YearInSpaceLast year’s documentary on astronaut Scott Kelly’s 12-month stay on the International Space Station, seen as a precursor to an eventual trip to Mars, “A Year in Space” (PBS, 8 p.m., check local listings), gets a followup documentary, about his return and adjustment to Earth life with “Beyond a Year in Space” (PBS, 9 p.m., check local listings).

I asked Kelly about his experience — and what he mentions as the space station “smell” — when he stopped by the TV Critics Association summer press tour.

“The experience was long, clearly,” Kelly said. “I mean, my previous flight was 159 days, and that felt like a really long time, so this was more than twice as long.

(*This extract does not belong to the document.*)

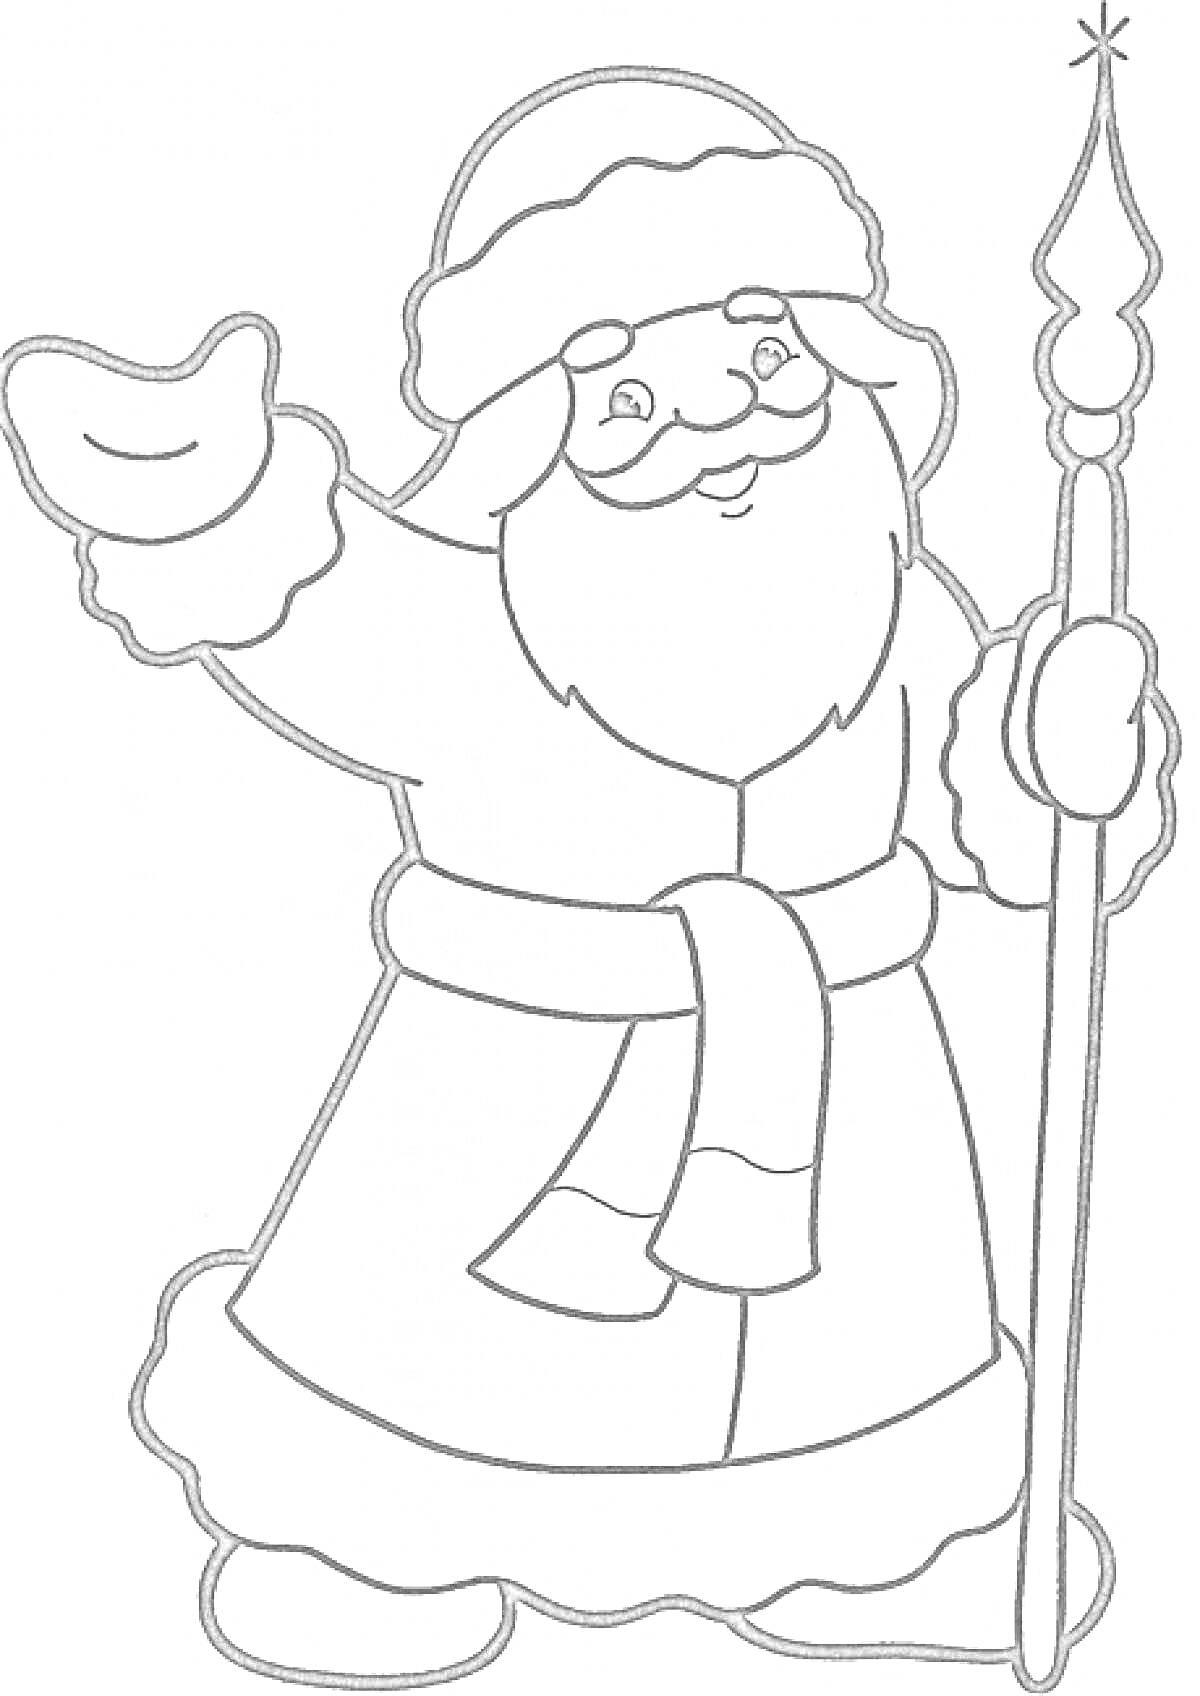 Раскраска Дед Мороз с посохом, поднимающий руку для приветствия

“At the same time,” he continued, “I was never climbing the walls to get out of there. I always felt like I had enough work to do and it was important work and I was being productive and utilizing my time appropriately.

“But it was hard. It’s hard to live in a place where you can’t leave. You go to sleep; you’re at work. You wake up; you’re at work. You’re most of the time with the same people. They come and go occasionally, and even though you like them, you don’t get to experience any other relationships in person with people, so you miss people on Earth. You miss the weather. You miss freedom of choice. There’s a lot of things you give up to do it. Makes it a hard thing to do, a hard place to live.

“But that’s what makes it so great,” Kelly went on. “You do hard things. You come back. You’re successful. No one got hurt, and we all feel very you know, you feel like you really accomplished something. And I think the harder things are, the more sense of accomplishment you feel, and I felt, in this case, the smells didn’t outweigh the experience, because the smell is not that bad, to go to your first question.

“People focus on the smell of the space station. I describe it as a combination of antiseptic cleaner smell and garbage, sometimes body odor, but not entirely unpleasant, but definitely a unique smell of the antiseptic smell, which I think could be strictly from off gassing of materials on the space station.

“On Earth if you have something and it off gasses, that smell is either going to rise or fall based on its weight compared to the weight of air. But on the space station, it just floats around for a while until it gets sucked into a filter, so smells generally linger.”

I tried to joke with him about the human tendency to, say, blame the dog for any bad smells, asking if he wasn’t just blaming the objects for the odor.

He was a scientist. He wasn’t biting.

“You know, it’s some human, clearly. We’re partially responsible.”